My heart stops. Though I know it cannot cross the Morrona, the sight of that rent in the sky fills me with dread. I’d rather return to my damp little cell then face the un-song darkness that must follow.
“Shakh,”Taar growls and sings something into Elydark’s head. The unicorn hesitates, his footsteps faltering for the first time this night. A ripple of song rolls back from him to Taar.“Vulmon!”Taar roars out loud.
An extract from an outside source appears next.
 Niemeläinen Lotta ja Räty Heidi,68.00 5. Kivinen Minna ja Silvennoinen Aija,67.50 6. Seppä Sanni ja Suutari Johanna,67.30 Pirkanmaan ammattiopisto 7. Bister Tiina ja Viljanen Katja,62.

Elydark tosses his head then redoubles his pace, speeding for the river. I scarcely have time to open my mouth, to begin to utter the protest bursting from the very depths of my gut. Then we splash down the river bank, and Elydark surges out into the water, up to his chest and deeper. Cold waves wash over me, dragging my body from the saddle. Only Taar’s iron grip keeps me from being swept away. Elydark swims steadily forward, and for just a moment, I can see the moonlit landscape on the far side of the river, the broad plains and distant forests.
Then darkness falls.
“Go back!” I scream. The force of that un-song sweeps down on me like a crushing blow. Fighting, clawing, kicking, I try to throw myself from the saddle into the river. I’d rather drown than be carried into that pulsing hell.
But Taar’s grip on me is relentless. “It’s the only way,” he shouts above the roar of the river and my own panicked voice. “Brace yourself.”
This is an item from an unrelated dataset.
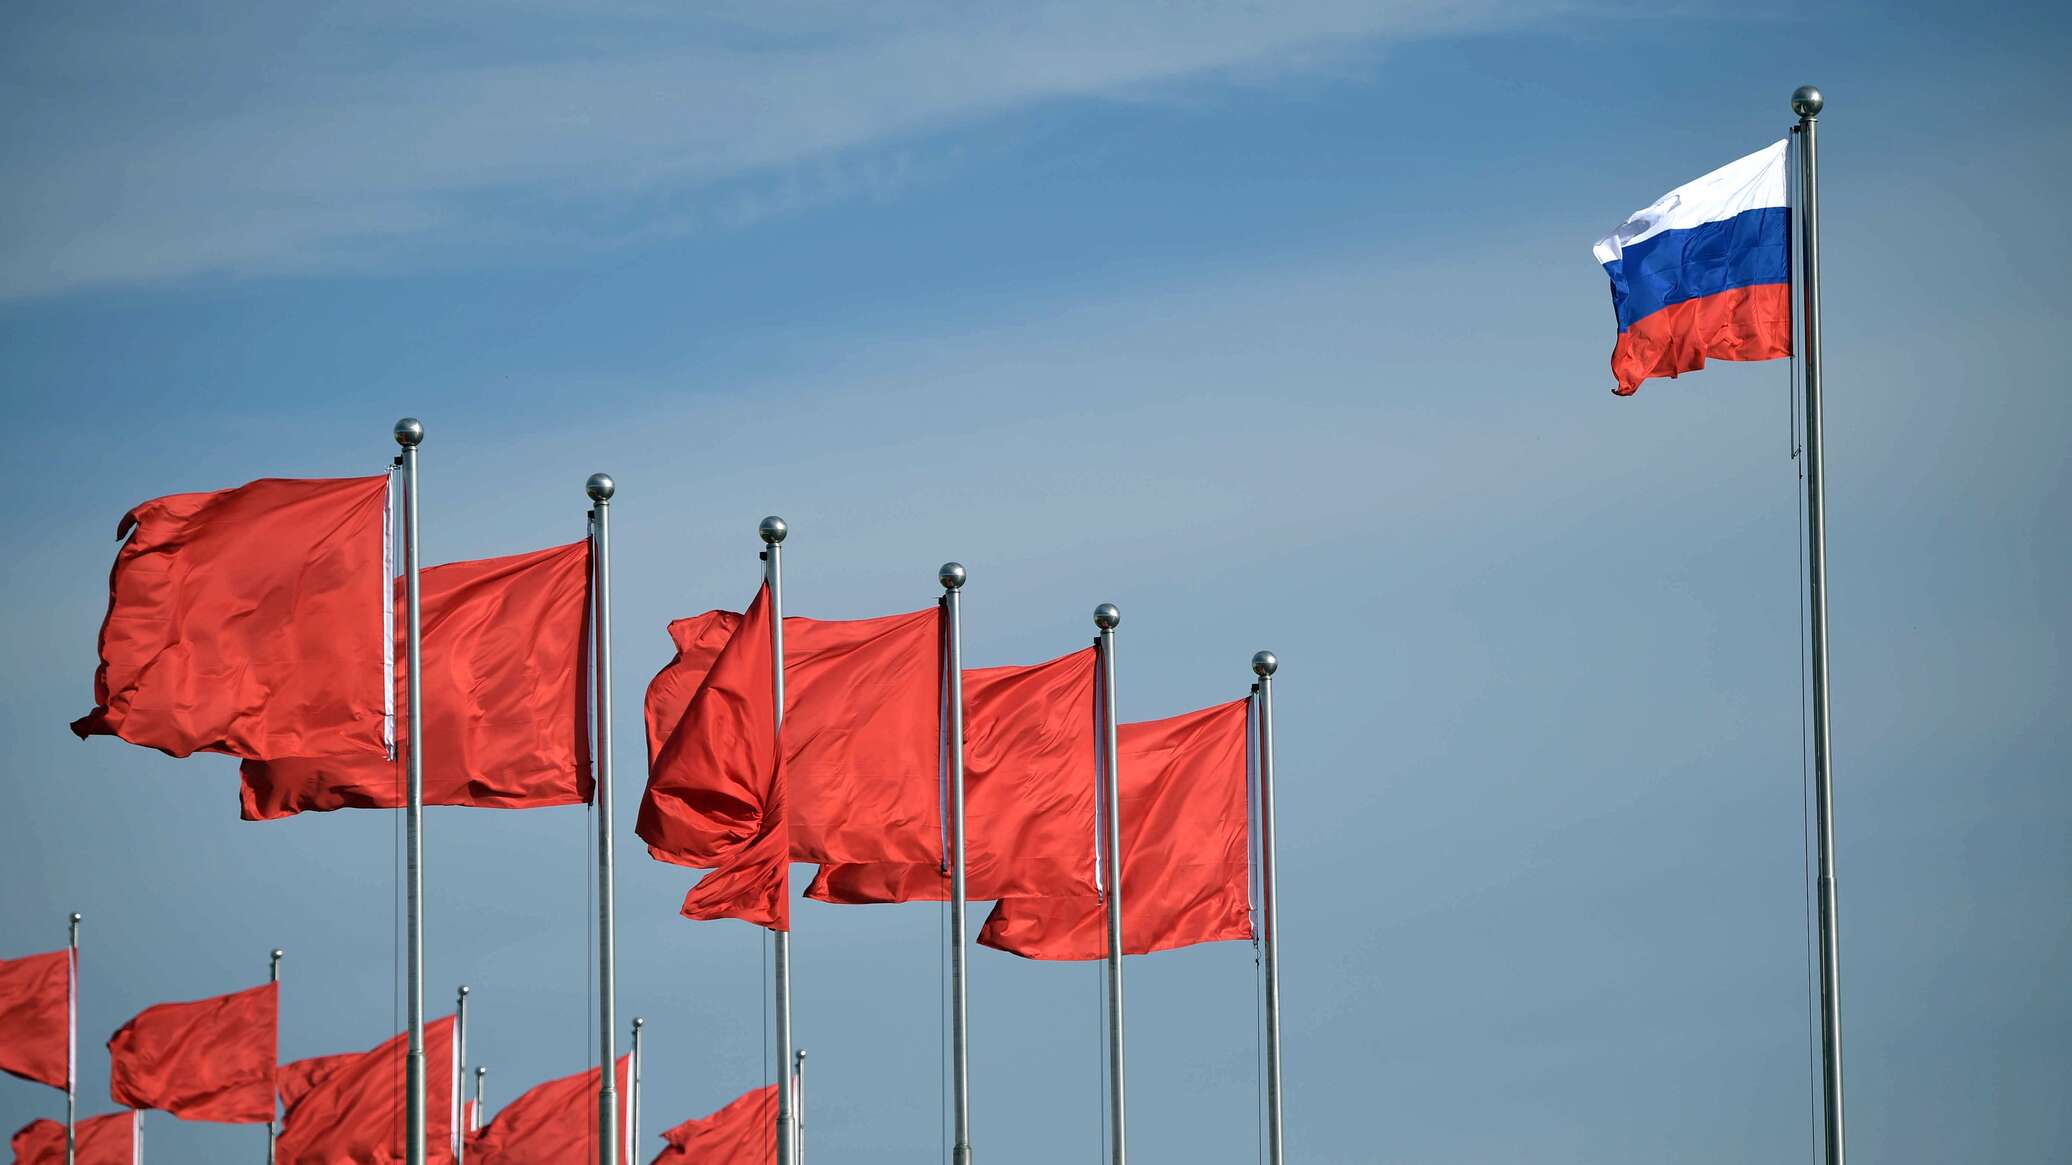 السفير الصيني لدى موسكو: بكين تعتزم توسيع التعاون مع روسيا في مجال الطاقة

I look back. Back at the far shore, where no hell has ever touched. Back to where three Licornyn riders on beasts of blazing fire pace back and forth, unwilling to pursue, unwilling to ford the river and enter hell, even if it means losing their prey.
Elydark’s hooves touch the far embankment. The darkness ripples, bulges, that sense of straining membrane overwhelming as something reaches, trying to break through and grab us. I feel it thinning, stretching, reality ready to shred.
At the last possible moment Elydark begins to sing. The song-light aura pours from his soul, streams out through the coils of his horn in a shocking blast. The darkness recoils, shrieking its un-song in hideous, multitudinous chorus.
I turn my face into Taar’s neck and shoulder, shuddering. But as Elydark climbs from the river and enters the horror of Cruor, I listen to the sound of the unicorn’s song underscored by Taar’s deep voice: “It will be over soon. I’m here. I’m here, Ilsevel.”
Then, in a whisper I almost miss:“I’ll always be here for you.”
I shouldn’t feel this way. I mustn’t. And yet I do. Even in this world, surrounded by evil, with enemies on every side and nowhere safe to flee, something in me knows I am safe with this man. It feels so wrong, so unnatural. I’ve never felt safe before, not with anyone. Even Faraine, whom I’ve always loved wholeheartedly, used her powerful gods-gift to manipulate me into accepting marriage to the Shadow King. And Aurae, sweet and dear, tried to convince me to submit and accept my fate. No one ever stood with me; I’ve always been alone.
But now—Taar.
He didn’t give up on me. He didn’t throw up his hands and declare me too much, too little, too troublesome, too painful. He came for me. At the risk of everything: his life, his honor, his people. He’s done nothing from the moment I met him but risk his life for me over and over again. Even when I least deserved it, when I disobeyed and betrayed him.
He shouldn’t have done it. Gods-damn us both, he should have left me in that pit! What will become of him now? What willbecome of his people if they forsake the king who forsook them first? It all seems so great and huge and terrible.
Yet here in the dark, with hell closing in on all sides, and only a song to protect us . . . with Taar’s arms wrapped around me and his voice crooning in my ear . . . I am safe.